— А вы никогда ему не завидовали? — перебила я. — Вам не казалось, что Владимир Егорович более озабочен воспитанником, чем родным сыном?
— В юности я испытывал сие разрушительное чувство, — искренне ответил психотерапевт, — но с течением времени понял: отец был прав. Я сильный, умный, талантливый, помогать мне не надо, без преодоления трудностей можно облениться. А Костя слабый, зависимый, не особенно одаренный, ему нужен костыль. Нет, сейчас у меня нет никакой ревности, мне очень жаль Костю.
Я кивнула:
— Не ожидала услышать ничего другого. Но помните про крохотные нестыковочки, о которых я говорила минуту назад? Когда мы с Сеней находились в вашем кабинете и сообщили, что Катя, вероятно, жива, вы начали промокать глаза платком. Я не видела слез, но если человек прикладывает к векам салфетку, то как-то думаешь о слезах как явном свидетельстве горя или волнения. После того как я попросила показать полки с миниатюрами, вы швырнули салфетку в корзинку, а та не упала быстро, как положено мокрому листку, а мягко спланировала. Значит, была сухой. И зачем вы делали вид, что плачете? Хотели показать нам свое горе? Продемонстрировать боль, которую испытываете при мысли о девочке?
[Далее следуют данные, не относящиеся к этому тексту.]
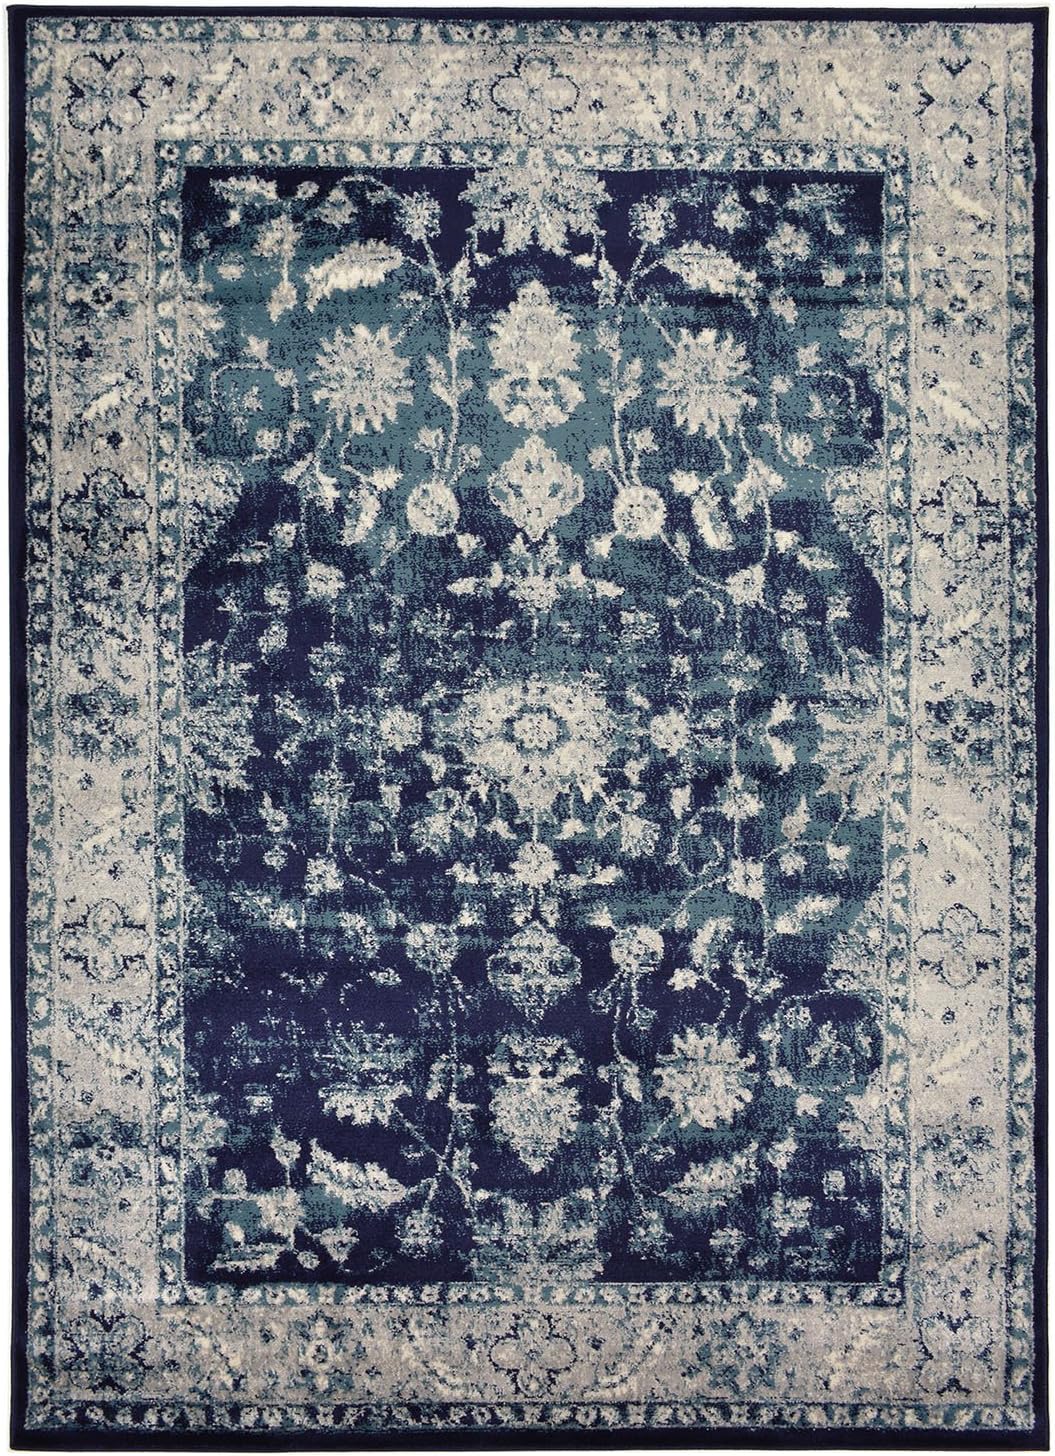 Studio Collection Vintage Mahal Allover Design Traditional Persian Area Rug (Mahal Navy Blue, 5 x 7)-1

— Чушь, — отрезал Егор. — Я просто почесал глаза. Никогда не актерствую.
— У меня сложилось другое впечатление, — не сдалась я.
— Не вижу в этом смысла, — безо всякого волнения произнес Егор.
— Когда мы вошли к Косте, вы ему посоветовали: «Скажи скорей правду», — воскликнула я.
— И что? — не понял Егор.
Я вздохнула.
— Любящие родственники поступают иначе, они советуют: «Молчи, не произноси ни слова, я вызову адвоката». Думаю, вы очень хотели, чтобы Костя раскаялся.
— Ну, хватит, — разозлился Егор, — составление психологических профилей не ваша область.
Я помахала листом бумаги.
— Подождите. Рассказывая о смерти своей матери, вы бросили фразу: «Самоубийца, как правило, оставляет записку». И мне пришла в голову простая мысль. Светлана Мальцева покончила с собой вскоре после похищения дочери, она написала письмо мужу, назвала в нем имя своего любовника. Но, очевидно, она составила и послание для вас. Я попросила нашего специалиста поискать документ в архиве. Профессионалу это нетрудно, требуется всего-то заглянуть в дело о суициде Мальцевой. Менты такие бюрократы, сохраняют всякую ерунду, например, письма самоубийц. Если родственник хочет, ему снимут копию. Но, вот странность, большинство членов семьи, прочитав записку, отдают ее следователю и восклицают:
— Спасибо, не нужно.
Дело быстро закрывают и складируют на полке, там оно и лежит сколько ему положено. Извините, может, я не очень верно рассказываю, я не юрист, но сейчас важно другое. Письмо Светланы к вам у меня в руке.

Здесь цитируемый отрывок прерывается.